Visually, Mukherjee’s collages were reminiscent of Henri Matisse’s paper cut-outs. His colorful, tactile and dynamic arrangements employed geometric shapes with considerable originality, simplicity, and understated sophistication. At times, Mukherjee used newspaper, leather, fabric and beads among other materials to add details to garments or facial features in these works.
In 1972, Mukherjee transformed his large folded paper shapes into a monumental sixty-foot long ceramic tile mural on the wall of the mural studio in Kala Bhavana. This work became the impetus behind a short documentary, ‘The Inner Eye,’ made that same year by the reputed film maker Satyajit Ray, one of Mukherjee’s former students. During this last decade of his life, the artist also received several honors for his work and contributions to education, most notably receiving one of India’s highest civilian awards, the Padma Vibhushan, in 1974, and a Desikottama or honorary doctorate from Visva Bharati in 1977. Mukherjee also continued writing to express his views about art and education, documenting his experiences as a blind artist in the memoir Chitrakar, first published in 1979.
Like Nandalal Bose, Mukherjee focused on addressing issues related to art teaching methods that transgressed the boundaries of conventional curriculums. He was a key figure in creating the educational framework at Santiniketan, and continued to explore the cultural interfaces and common grounds between art and craft traditions throughout his life. As both artist and teacher, Benodebehari Mukherjee became a major influence on several generations of Indian artists including Ramkinkar Baij, Somnath Hore, K.G. Subramanyan, Riten Mazumdar, Gulammohammed Sheikh, A. Ramachandran and Satyajit Ray, who were inspired by his innovative pedagogy, clarity of thought, and versatility.

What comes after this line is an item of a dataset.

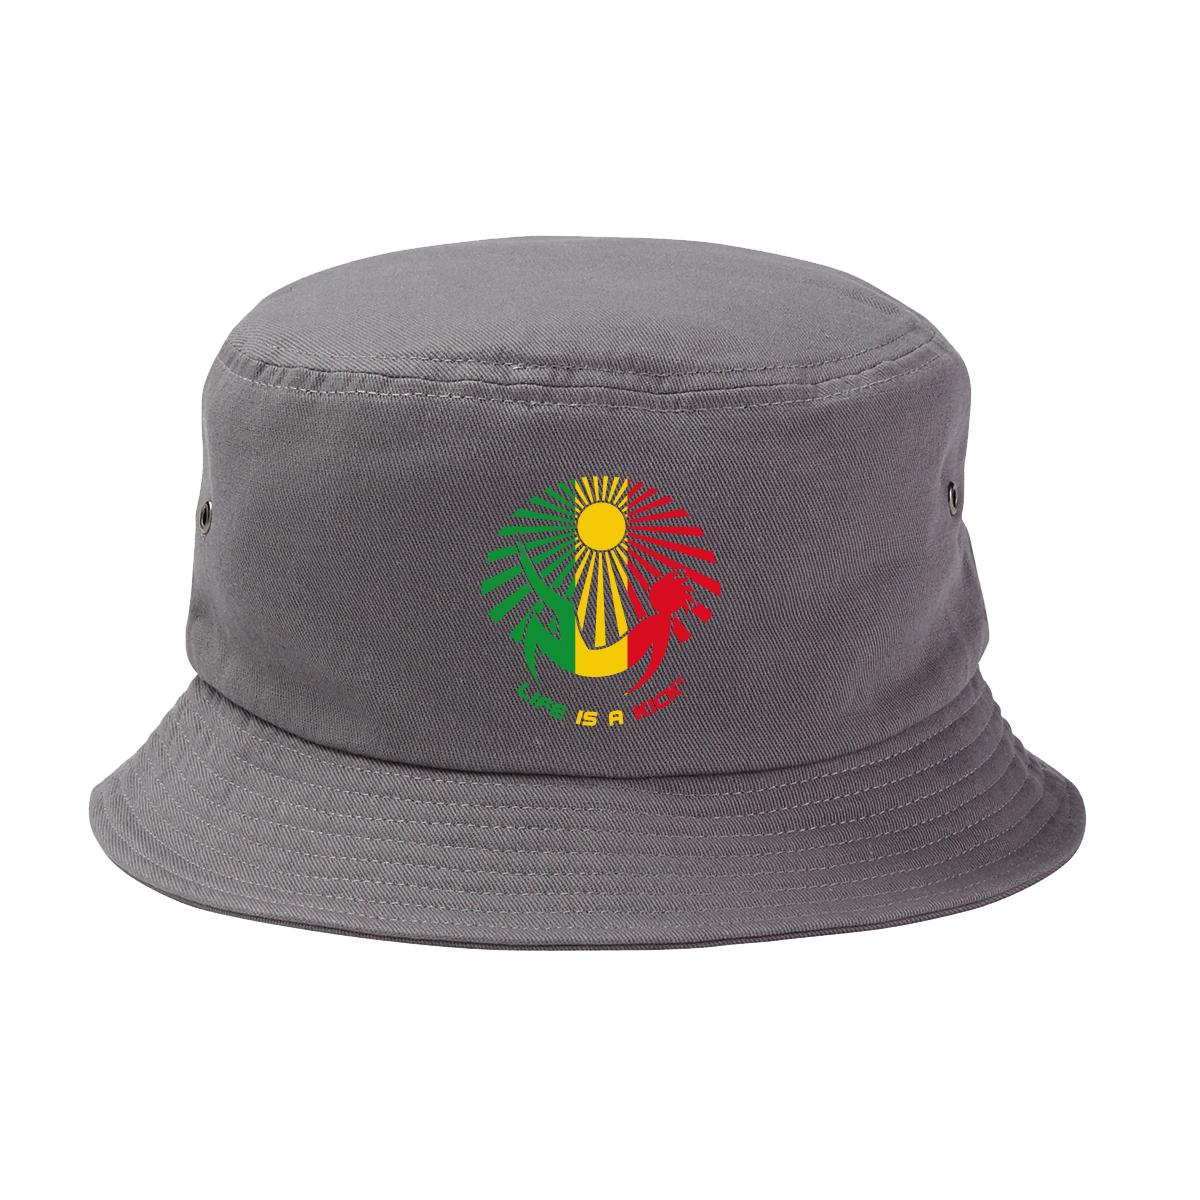 "Rasta"" Bucket Hat – Charcoal « Life is a Kick 615be5a94eb7"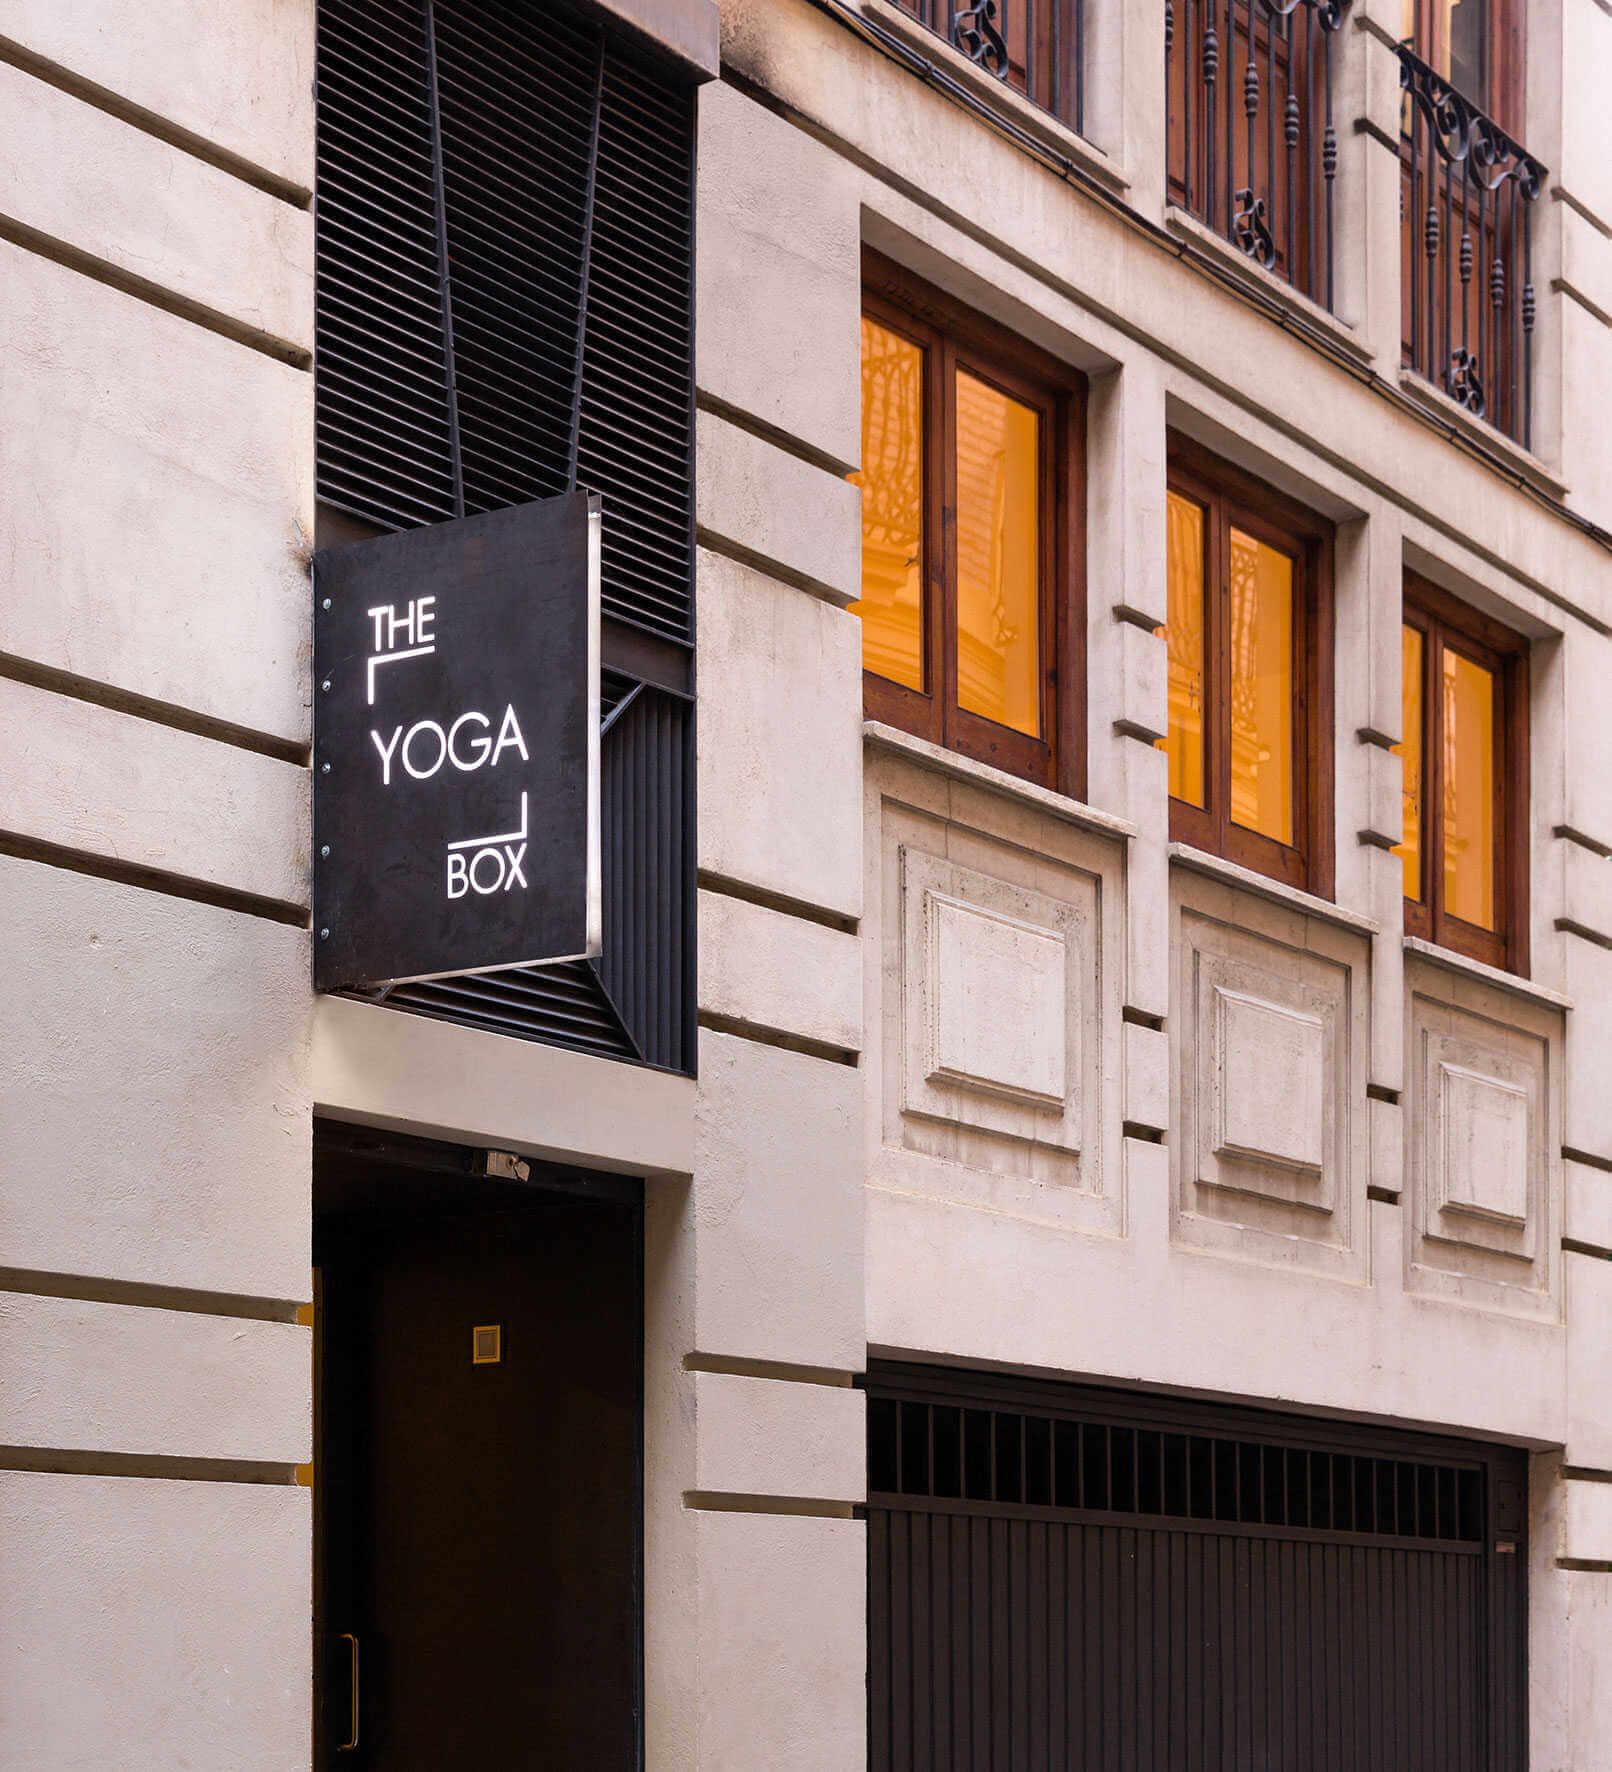 Daniel Rueda Homu Arquitectos The Yoga Box 53 | The Yoga Box, Valencia

To date, three retrospectives of Mukherjee’s work have been held in India: first at the Indian Museum, Calcutta, in 1959, then in New Delhi in 1969, and most recently at the National Gallery of Modern Art, New Delhi, in 2006-07. Over the past few years, the artist’s works have been included in international group exhibitions like Documenta 14 in Athens in 2017, displayed as part of the permanent collection of museums like Tate Modern, London, and presented in important solo exhibitions at Vadehra Art Gallery, New Delhi, in 2019, and David Zwirner, London, in 2020. His works are also part of the collections of the Museum of Modern Art, New York, and the Victoria & Albert Museum, London.
Benodebehari Mukherjee passed away in 1980, survived at the time by his wife, Leela, and daughter, Mrinalini. Christie’s is honored to represent Benodebehari Mukherjee’s life and artistic practice through this important selection of his work spanning five decades from the collection of the Mrinalini Mukherjee Foundation.